Other than that, the rest of the training loop is largely the same, with the exception that we have to use two training dataloaders and two validation dataloaders. These give us two inputs and two sets of labels for each batch, which we feed into the Twin models appropriately. Finally, note that the Twin model is predicting whether the two input images have the same label, whereas the regular non-Twin network merely predicted the label directly.

And with that, it shouldn’t be too hard to build the testing loop for the test set for all three models. Because the purpose of this post was to go through the major pain points for which I couldn’t easily find examples online, I will leave the testing part as an exercise for the reader.

Final thoughts

There is an element of truth to what they say about the current state of the Julia ecosystem, that it can be immature and that one needs to be willing to deal with limited documentation and/or scarce examples.

The biggest challenge was bridging the gap from relatively easy, simple examples to more advanced techniques for which examples are scarce. But this also reveals a strength in Julia: because it is natively fast, it is often remarkably easy to search the source code of a package to find your answers. Several times I found myself looking through the Flux source code to find how something worked. And every time I found my answer remarkably easily and quickly. I’m not sure I’m brave enough to try something similar for PyTorch.

Another challenge was the immature state of Metalhead.jl, which is certainly not unique within the Julia ecosystem for being feature-incomplete.
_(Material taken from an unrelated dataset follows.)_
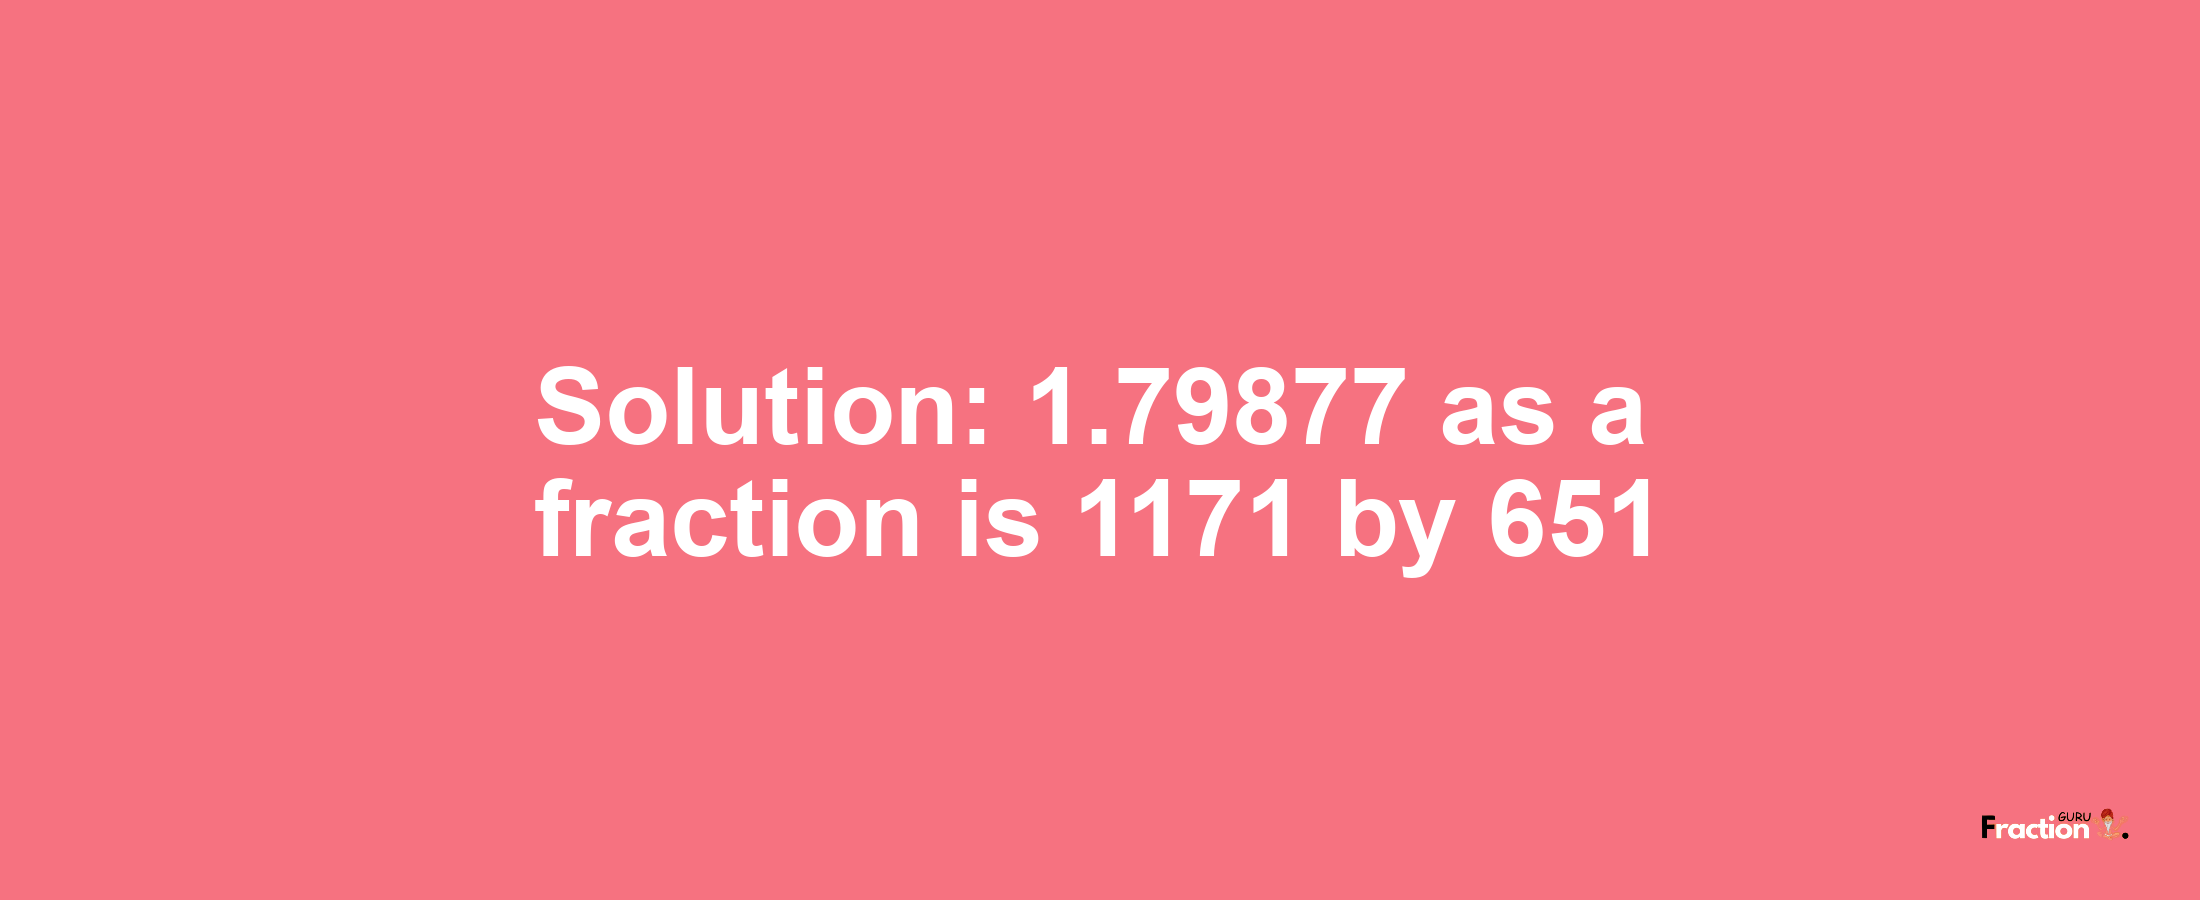 Solution:1.79877 as a fraction is 1171/651

My last challenge was actually a mindset challenge. One fundamental difference between the Python and Julia ecosystems is the scale of many of the important packages. Where, for instance, PyTorch needs to do everything under the sun because of its internal C++, pure Julia packages can interoperate and compose easily and painlessly. Thus, you won’t see Flux having nearly so many features as PyTorch. Rather, you’ll see much of that functionality in other packages, like MLUtils.jl, CUDA.jl, BSON.jl, Metalhead.jl, and many countless others. Remember this, and you may save yourself some time and effort whenever programming in Julia.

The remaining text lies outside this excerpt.